PSL lines represent alignments, and are typically taken from files generated by BLAT or psLayout. See the BLAT documentation for more details. All of the following fields are required on each data line within a PSL file:

1. matches - Number of bases that match that aren't repeats
2. misMatches - Number of bases that don't match
3. repMatches - Number of bases that match but are part of repeats
4. nCount - Number of 'N' bases
5. qNumInsert - Number of inserts in query
6. qBaseInsert - Number of bases inserted in query
7. tNumInsert - Number of inserts in target
8. tBaseInsert - Number of bases inserted in target
9. strand - '+' or '-' for query strand. In mouse, second '+'or '-' is for genomic strand
10. qName - Query sequence name
11. qSize - Query sequence size
12. qStart - Alignment start position in query
13. qEnd - Alignment end position in query
14. tName - Target sequence name
15. tSize - Target sequence size
16. tStart - Alignment start position in target
17. tEnd - Alignment end position in target
18. blockCount - Number of blocks in the alignment
19. blockSizes - Comma-separated list of sizes of each block
20. qStarts - Comma-separated list of starting positions of each block in query
21. tStarts - Comma-separated list of starting positions of each block in target

Example 6:
Here is an example of an annotation track in PSL format. Note that line breaks have been inserted into this example for documentation display purposes. Click here for a copy of this example that can be pasted into the browser without editing.

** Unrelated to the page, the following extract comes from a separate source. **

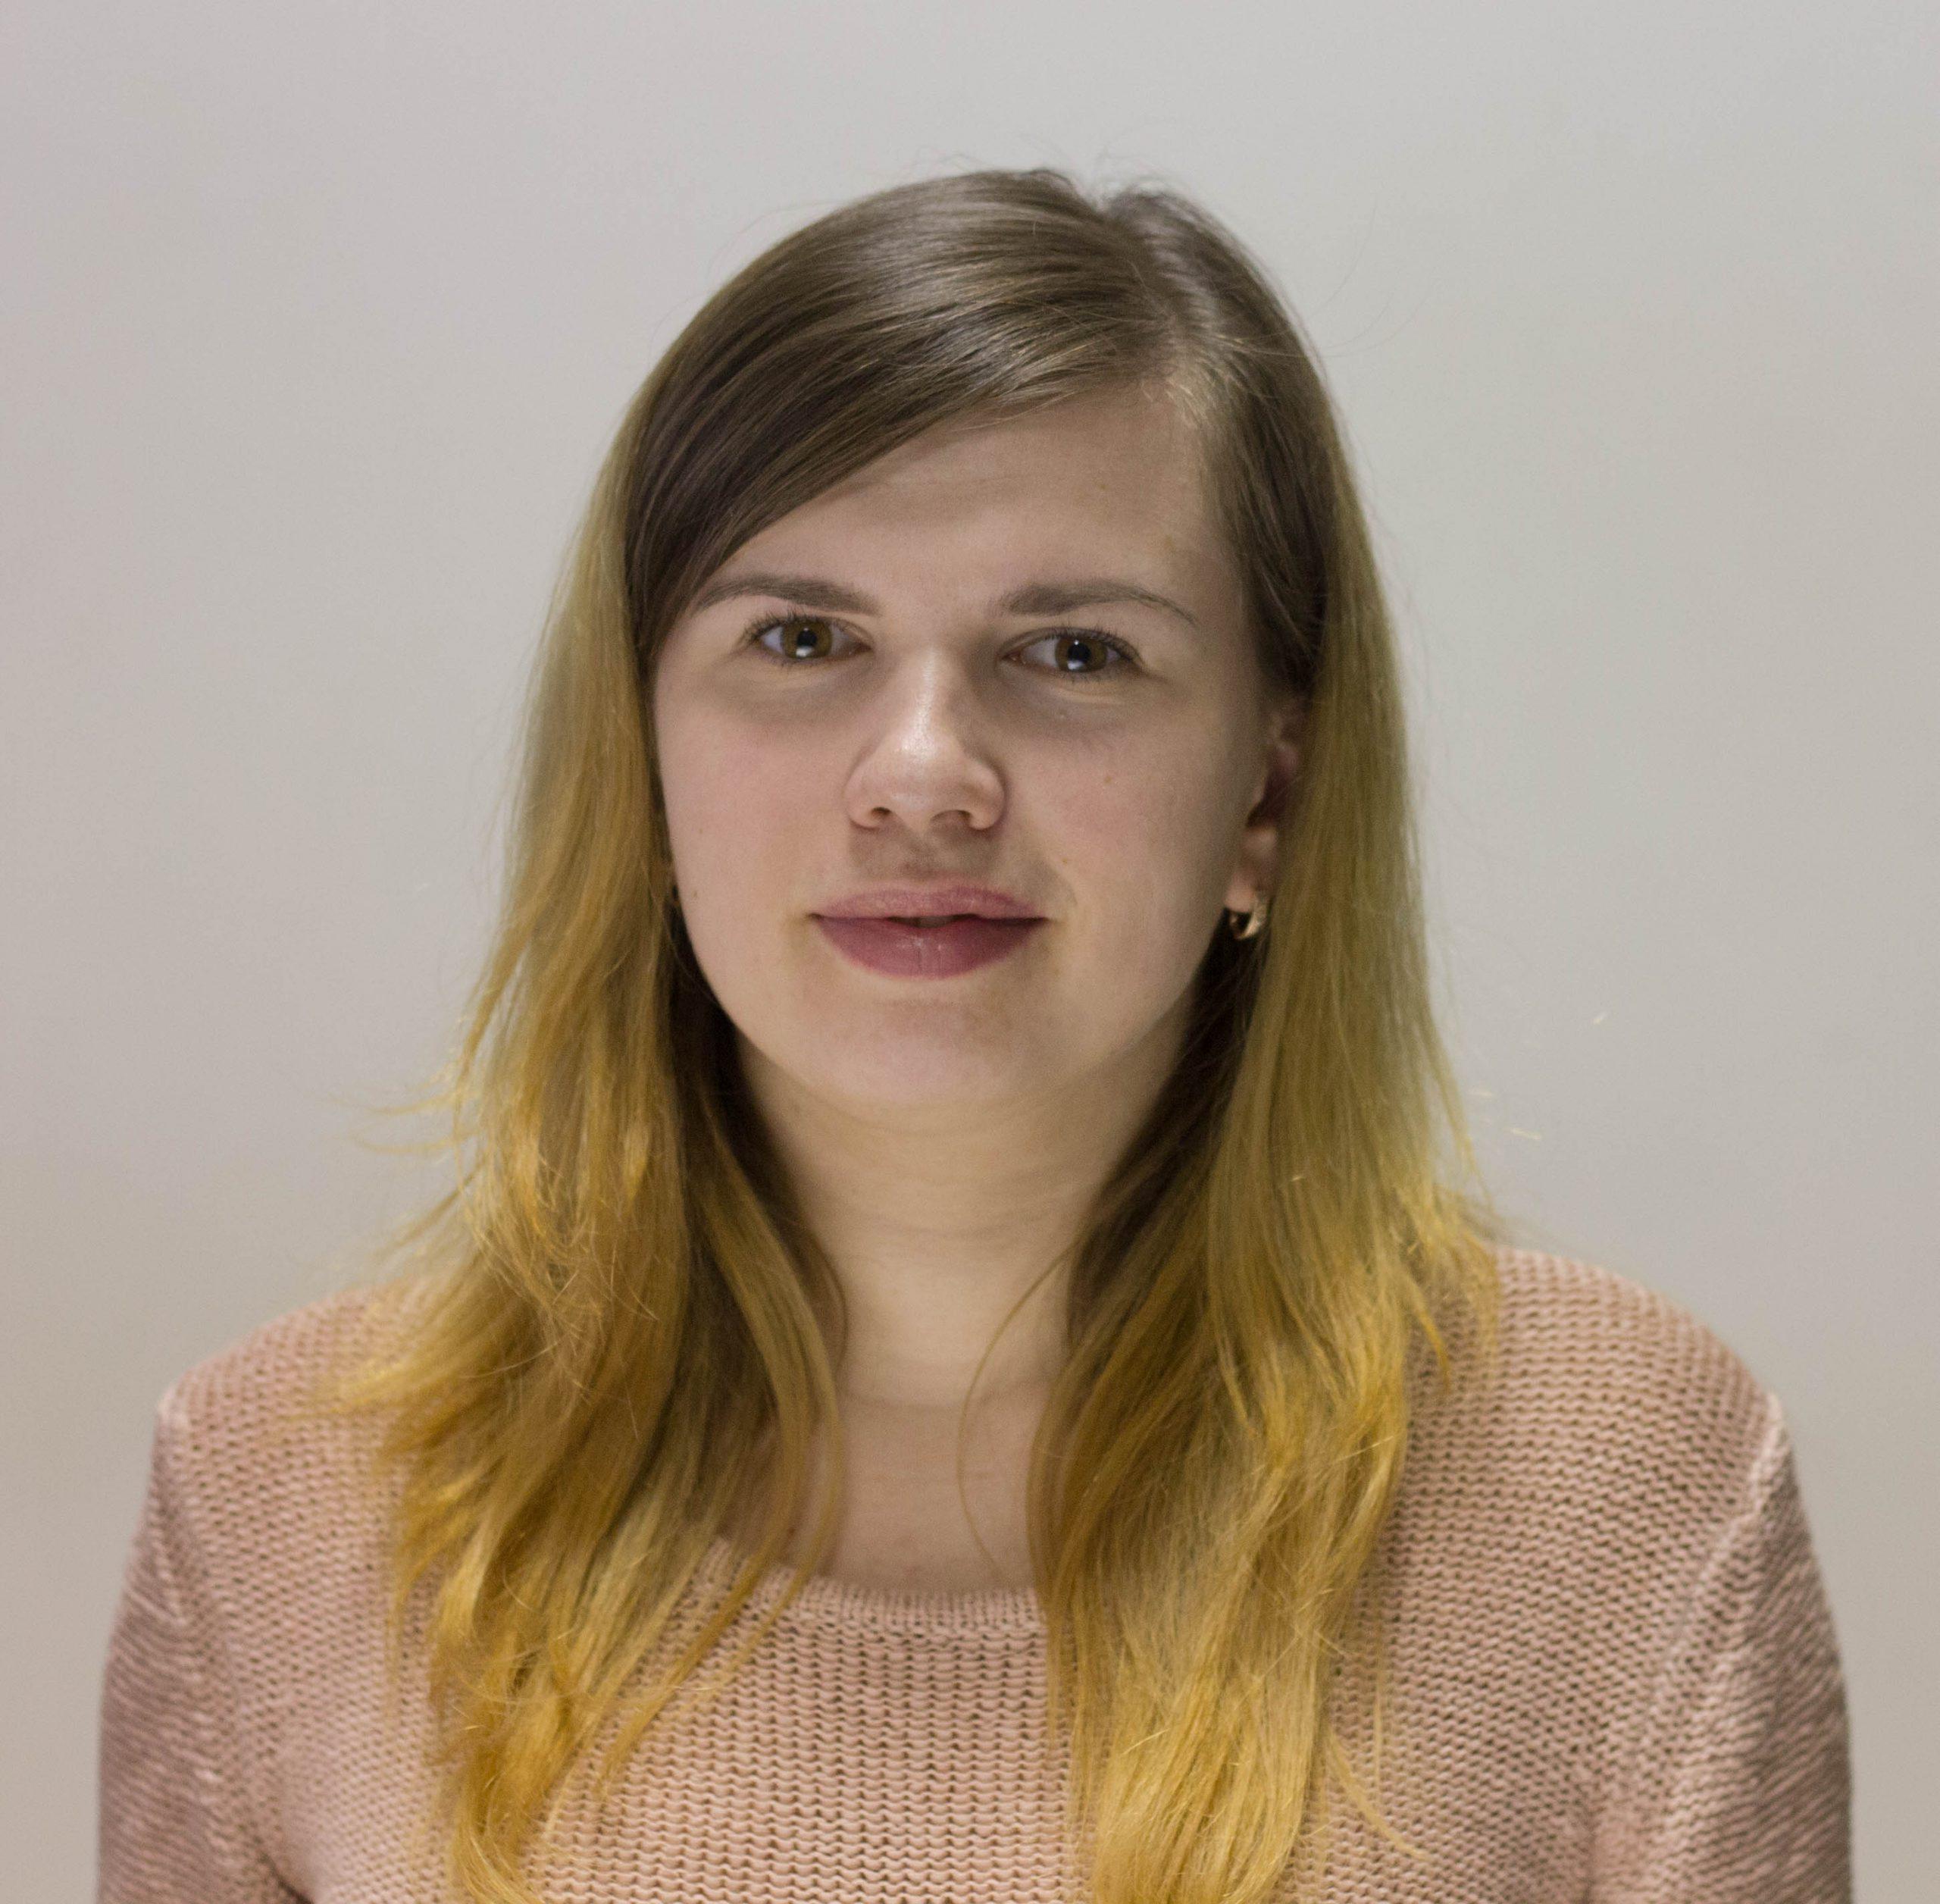 Шумилова Татьяна Андреевна              Преподаватель геодезии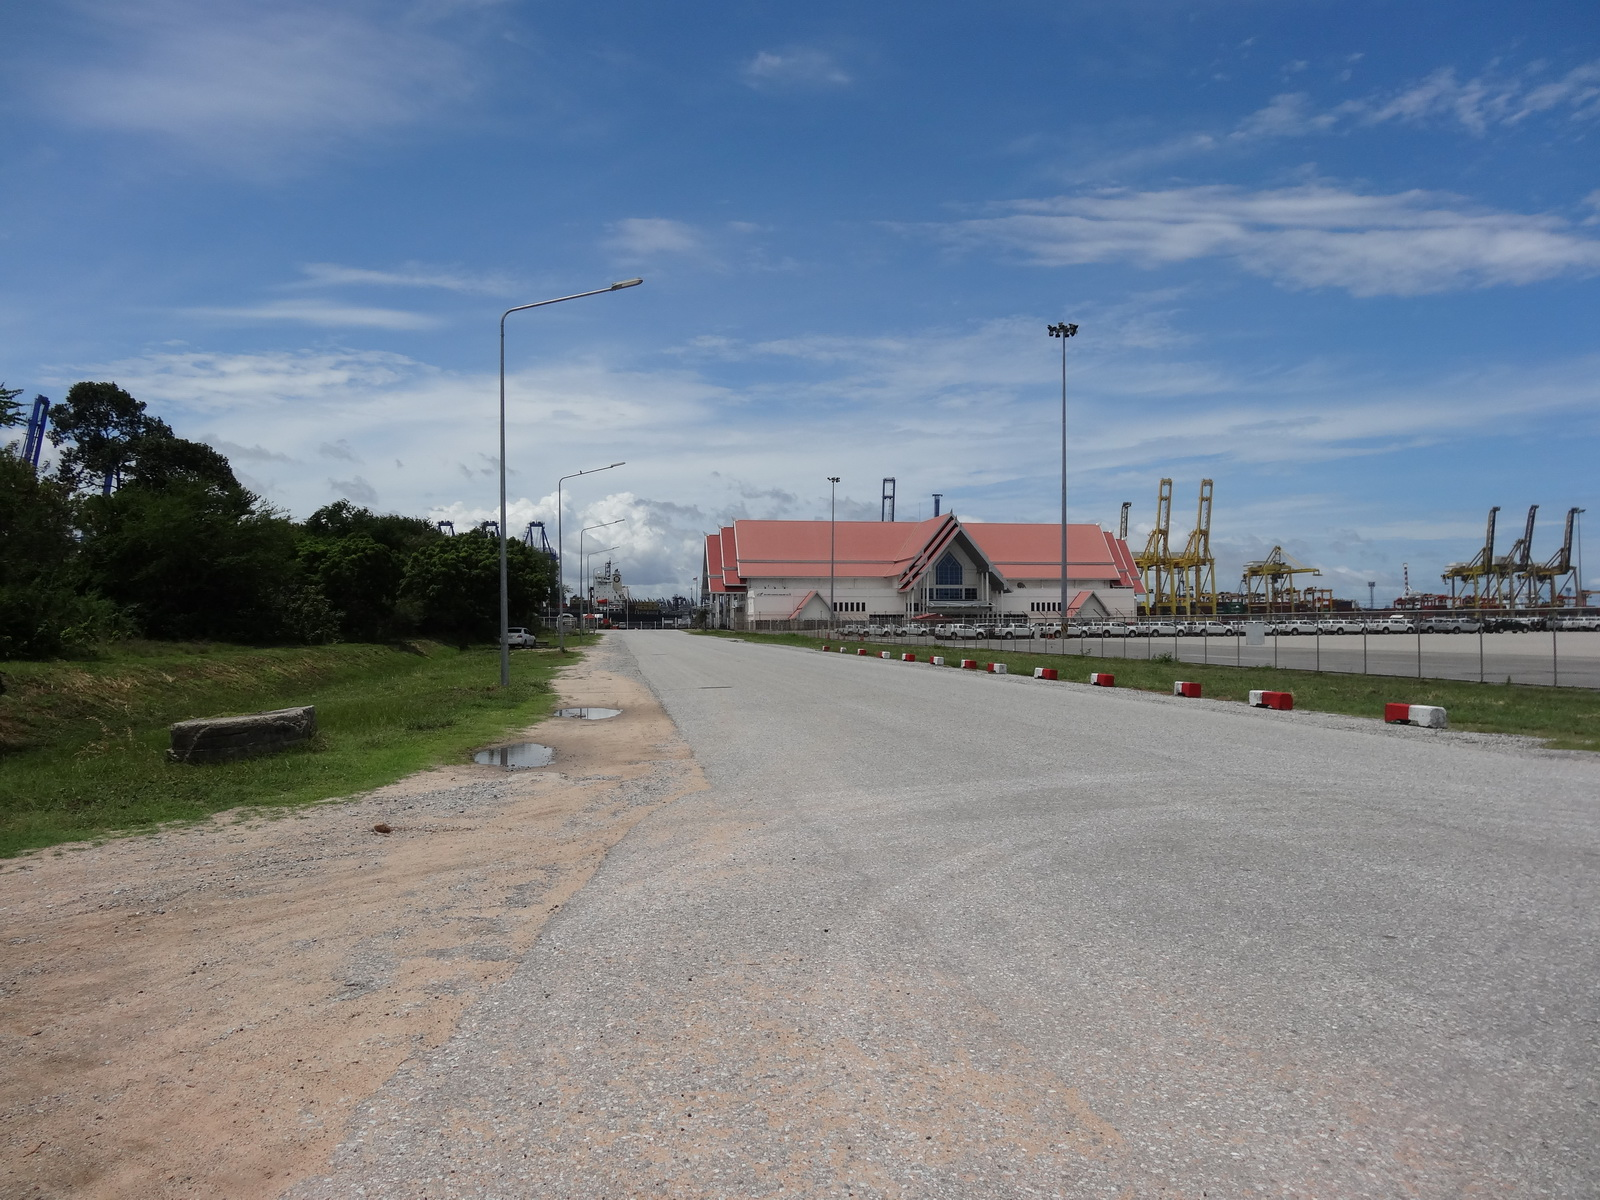 15 Laem Chabang Hafen 03

browser position chr22:13073000-13074000  
browser hide all
track name=fishBlats description="Fish BLAT" visibility=2
useScore=1
59 9 0 0 1 823 1 96 +- FS_CONTIG_48080_1 1955 171 1062 chr22 
    47748585 13073589 13073753 2 48,20,  171,1042,  34674832,34674976,
59 7 0 0 1 55 1 55 +- FS_CONTIG_26780_1 2825 2456 2577 chr22 
    47748585 13073626 13073747 2 21,45,  2456,2532,  34674838,34674914,
59 7 0 0 1 55 1 55 -+ FS_CONTIG_26780_1 2825 2455 2676 chr22 
    47748585 13073727 13073848 2 45,21,  249,349,  13073727,13073827,

Be aware that the coordinates for a negative strand in a PSL line are handled in a special way. In the qStart and qEnd fields, the coordinates indicate the position where the query matches from the point of view of the forward strand, even when the match is on the reverse strand. However, in the qStarts list, the coordinates are reversed.

Example 7:
Here is a 30-mer containing 2 blocks that align on the minus strand and 2 blocks that align on the plus strand (this sometimes can happen in response to assembly errors):

0 1 2 3 tens position in query

0123456789012345678901234567890 ones position in query

++++ +++++ plus strand alignment on query

-------- ---------- minus strand alignment on query

Plus strand:

qStart=12

qEnd=31

blockSizes=4,5

qStarts=12,26

Minus strand:

qStart=4

qEnd=26

blockSizes=10,8

qStarts=5,19

Essentially, the minus strand blockSizes and qStarts are what you would get if you reverse-complemented the query. However, the qStart and qEnd are not reversed. To convert one to the other:

     qStart = qSize - revQEnd
     qEnd = qSize - revQStart

GFF (General Feature Format) lines are based on the GFF standard file format. GFF lines have nine required fields that must be tab-separated. If the fields are separated by spaces instead of tabs, the track will not display correctly. For more information on GFF format, refer to http://www.sanger.ac.uk/Software/formats/GFF.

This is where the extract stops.